From the Department of Anesthesiology, University of California, San Diego School of Medicine, San Diego, California.
Department of Pediatrics, Division of Infectious Diseases, Stanford University School of Medicine, Stanford, California.
Anesth Analg. 2019 May;128(5):935-943. doi: 10.1213/ANE.0000000000003876.
Gram-positive bacteria account for nearly three-quarters of all surgical site infections. Antibiotic prophylaxis against these bacteria with cephalosporins or, in select circumstances, with vancomycin is considered standard of care for prevention of surgical site infections. There is little evidence to describe the optimal dosing regimen for surgical site infection prophylaxis in infants undergoing cardiac surgery, and a great deal of institutional variability exists in dosing prophylactic antibiotics. We designed this study to describe an optimal dose regimen for cephalosporin and vancomycin based on pharmacokinetic evidence for infant open-heart surgery on cardiopulmonary bypass.

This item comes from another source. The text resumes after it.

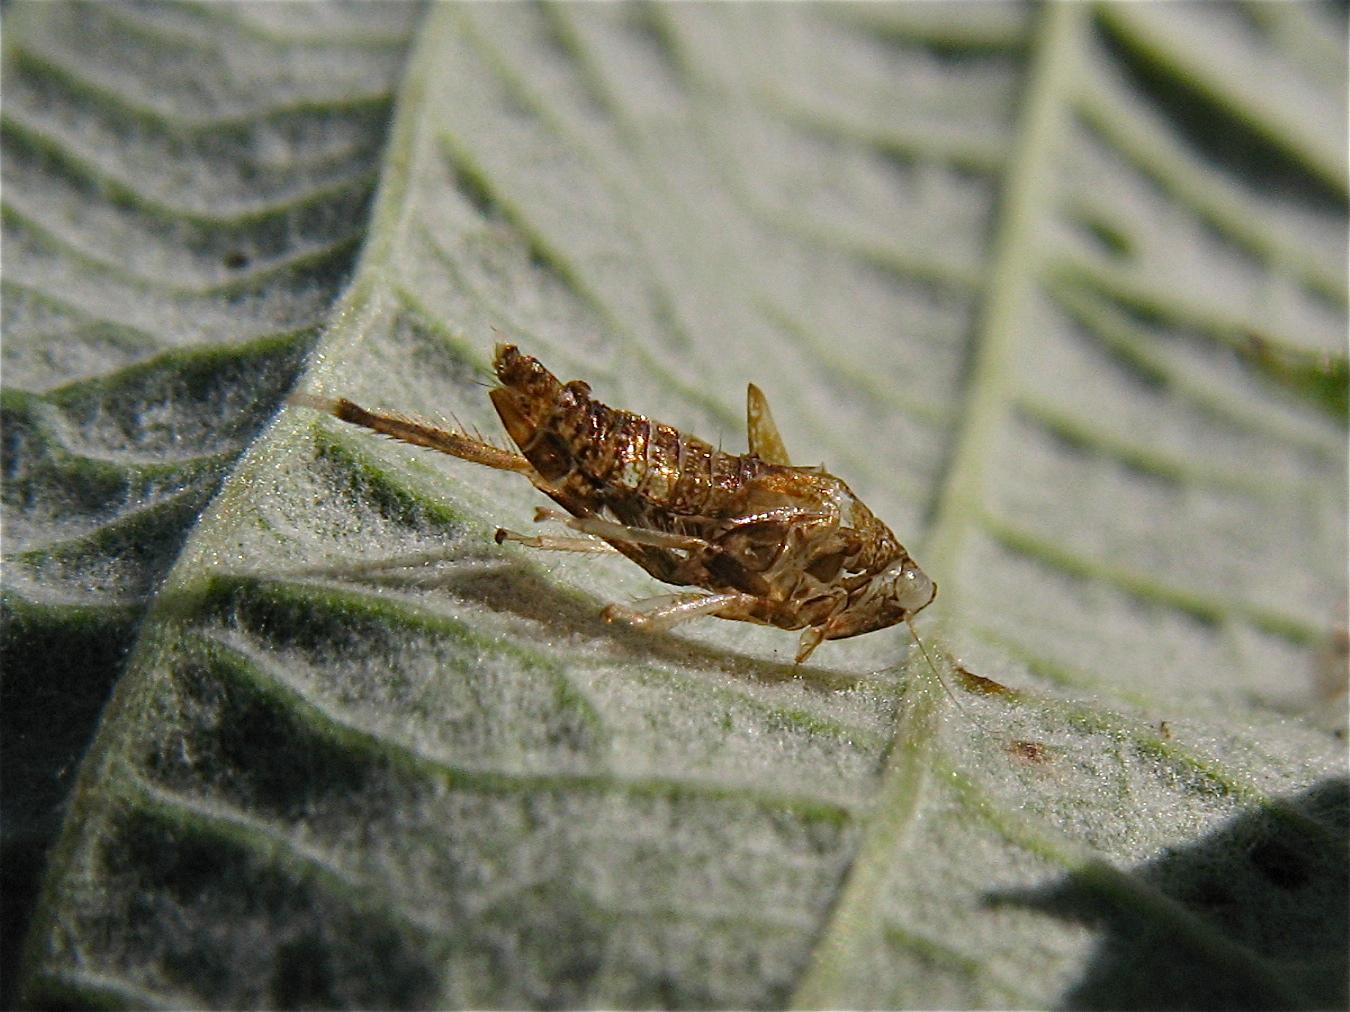 Die leere Hülle einer Zikadenlarve - das erwachsene Insekt ist schon geschlüpft . . .
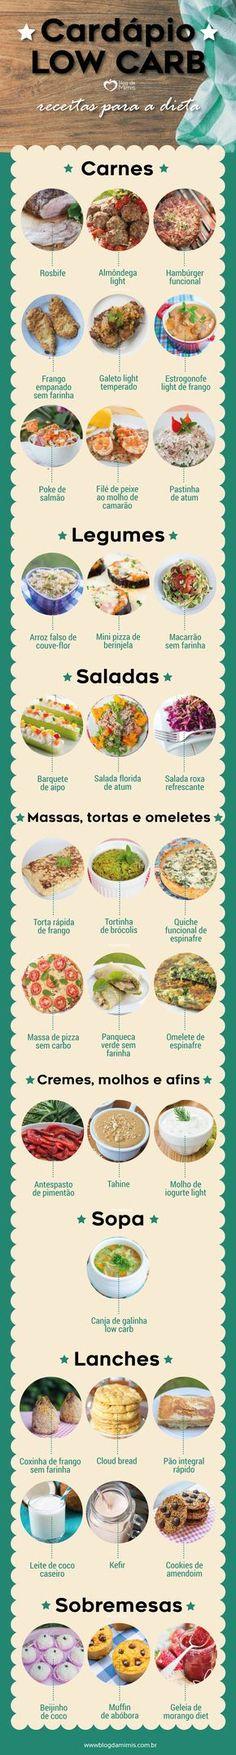 Cardápio low carb: receitas para manter a dieta - Blog da Mimis #lowcarb #diet #dieta #receitas #cardápio #emagrecer

Two separate cohorts of infants undergoing cardiac surgery with cardiopulmonary bypass were evaluated. Plasma concentrations of vancomycin (cohort 1, N = 10) and cefazolin (cohort 2, N = 10) were measured, and mixed-effects pharmacokinetic models were constructed for each drug. Simulations of various dosing regimens were performed to describe an appropriate dosing regimen necessary to maintain antibiotic concentrations above the susceptibility cutoff for staphylococci.
Both cefazolin and vancomycin plasma concentration versus time profiles were characterized by a 2-compartment model. Subject weight was a significant covariate for V1 for vancomycin. Subject age was a significant covariate for V1 for cefazolin. Cardiopulmonary bypass did not influence concentration versus time profiles. Simulations demonstrated that a 1-hour vancomycin infusion (15 mg·kg), repeated every 12 hours and a 10-minute infusion of cefazolin (30 mg·kg), repeated every 4 hours maintained plasma concentrations above 4 μg·mL and 16 μg·mL, for vancomycin and cefazolin, respectively. Both concentrations are above the minimum inhibitory concentration 90 for most susceptible staphylococci.
Prophylactic treatment of vancomycin 15 mg·kg infused >1 hour with 12-hour redosing and cefazolin 30 mg·kg infused >10 minutes with 4-hour redosing will maintain serum levels of each antibiotic above the susceptibility cut-offs for susceptible staphylococci in infants undergoing cardiac surgery. Cefazolin levels may be adequate for some, but not all, Gram-negative bacteria. The effect of cardiopulmonary bypass on pharmacokinetics is negligible.
革兰氏阳性菌约占所有手术部位感染的四分之三。用头孢菌素或万古霉素对这些细菌进行抗生素预防被认为是预防手术部位感染的标准护理。目前几乎没有证据可以描述心脏手术患儿中用于预防手术部位感染的头孢菌素和万古霉素的最佳剂量方案,并且在预防性使用抗生素时,机构之间的剂量差异很大。我们设计了这项研究,以根据体外循环婴儿心脏手术的药代动力学证据来描述头孢菌素和万古霉素的最佳剂量方案。
评估了接受体外循环心脏手术的两组婴儿。测量了万古霉素(队列 1,N=10)和头孢唑啉(队列 2,N=10)的血浆浓度,并为每种药物构建了混合效应药代动力学模型。对各种剂量方案进行了模拟,以描述维持抗生素浓度高于葡萄球菌敏感性截止值所需的适当剂量方案。
头孢唑啉和万古霉素的血浆浓度-时间曲线均表现出 2 隔室模型。万古霉素的 V1 与体重呈显著相关。头孢唑啉的 V1 与年龄呈显著相关。体外循环不影响浓度-时间曲线。模拟表明,每 12 小时重复输注 1 小时的万古霉素(15mg·kg)和每 4 小时重复输注 10 分钟的头孢唑啉(30mg·kg),可使万古霉素和头孢唑啉的血浆浓度分别维持在 4μg·mL 和 16μg·mL 以上。两种浓度均高于大多数敏感葡萄球菌的最低抑菌浓度 90。
每 12 小时重复输注 1 小时的万古霉素(15mg·kg)和每 4 小时重复输注 10 分钟的头孢唑啉(30mg·kg)可预防治疗,将维持心脏手术患儿每种抗生素的血清水平高于敏感葡萄球菌的敏感性截止值。头孢唑啉水平可能对某些但不是所有革兰氏阴性菌足够。体外循环对药代动力学的影响可以忽略不计。